3rd Quarter 2023 President’s Message

By Rob Henken

I wrote my first report on a local government budget for the Forum in October 2008. At the time, there was a great deal of acrimony between then-Milwaukee County Executive Scott Walker and the Board of Supervisors, which plunged discussion of even the most mundane fiscal issues into politics and hyperbole.

We hoped our inaugural Milwaukee County “budget brief” would benefit the public by objectively explaining key fiscal pressure points — as well as the long-term context in which that year’s short-term decisions would be made. We sought to publish the brief at least a couple of weeks before budget adoption, in the hope that it would provide useful perspective to supervisors and citizens as budget deliberations hit their apex.

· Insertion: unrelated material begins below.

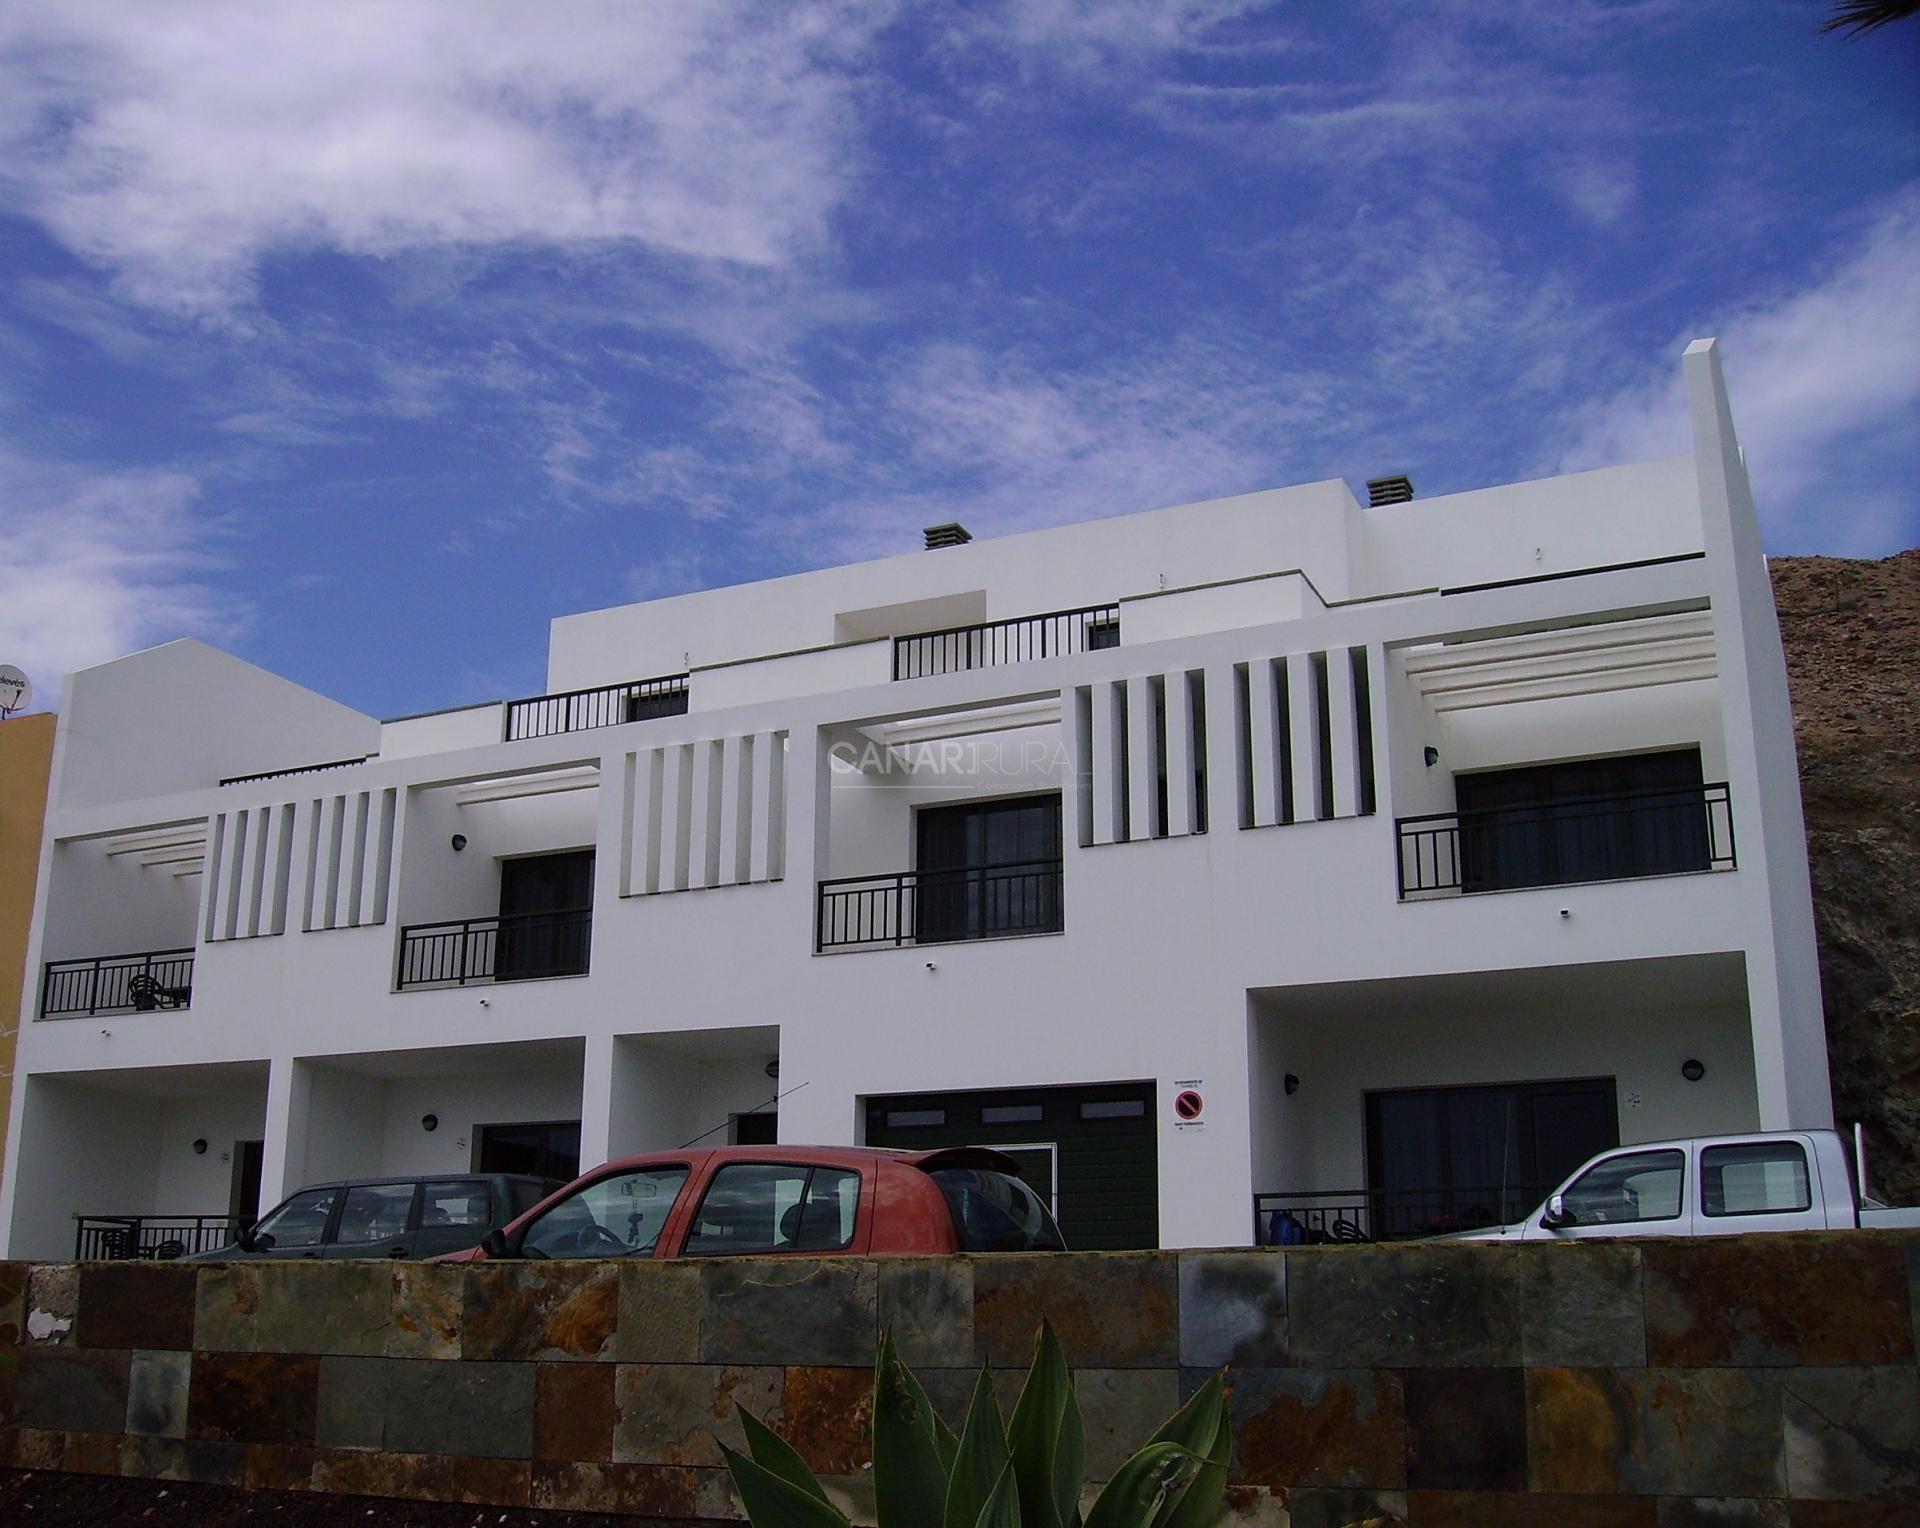 Apartamentos cala 2 dormitorios apartamentos en fuerteventura tuineje - Apartamentos baratos fuerteventura ...

So began a 15-year-and-running tradition for the Forum, which has grown to include annual briefs on the proposed budgets for the cities of Milwaukee and Madison, the Milwaukee Public Schools, and the Madison Metropolitan School District, as well as a brief and updates on the two-year state budget in odd years. Yet as the 2024 municipal and county budget season now unfolds, I can attest that I have never been so excited to dig into hundreds of pages of budget minutiae.

The discussion this fall, of course, marks the first time that Milwaukee’s city and county budgets can plug in tens of millions of dollars from new sales taxes adopted as a result of a grand legislative compromise at the State Capitol earlier this year. Another point of distinction is an influx of $274.9 million in additional shared revenue for 2024 included in the new state budget, which will be distributed across every county, city, village, and town throughout Wisconsin.

We have taken great pains to point out that these new developments do not solve all of the deep fiscal challenges facing Milwaukee’s city and county governments (nor Madison’s for that matter) – and the three budget briefs we release next month will continue to reinforce that notion. But for the two Milwaukee governments, they will produce a stunning reversal in the way we analyze budgets for at least one year by replacing our focus on the cuts that have been proposed with an emphasis on evaluating the prudence of new investments.

Indeed, among the prominent themes our readers can expect in this year’s city of Milwaukee and Milwaukee County budget briefs are the following:

  • Both governments received a huge fiscal break by garnering new sales taxes starting Jan. 1, 2024 – one year before their dreaded fiscal cliffs were expected to hit. We’ll focus on whether and how they are able to take advantage of this unexpected benefit by “banking” some of the proceeds for 2025 and beyond – when much of their federal pandemic relief aid will be exhausted – as opposed to using it to fill holes or, even worse, initiate new programs in 2024 that they would struggle to afford in future years. One new cost on the horizon for both local governments may be a contribution toward renovations at American Family Field to help keep the Brewers in the city.
  • Both governments have prudently built up reserves over the past few years to help them respond to their once-expected fiscal cliff – including an $80 million pension reserve at the city and a $100 million-plus debt service reserve at the county. We’ll be looking at how those reserves are being employed or perhaps even strengthened in 2024, a year in which there does not appear to be a great need to use them.
  • The interplay between operating and capital budget priorities will be a key point for the two governments, which both face huge infrastructure repair backlogs (particularly at the county) as well as daunting operating budget challenges in key areas like police and transit. How their new revenue streams will be divvied up between those competing needs will be another key point of analysis.
  • The need to find efficiencies and explore collaboration may have been temporarily alleviated but remains critical for both governments’ long-term fiscal health. Will this year’s budgets show the same urgency to move forward on such efforts? And will recommendations contained in soon-to-be-released reports by the Greater Milwaukee Committee on city efficiency initiatives and the Forum on city-county back office service sharing opportunities be initiated?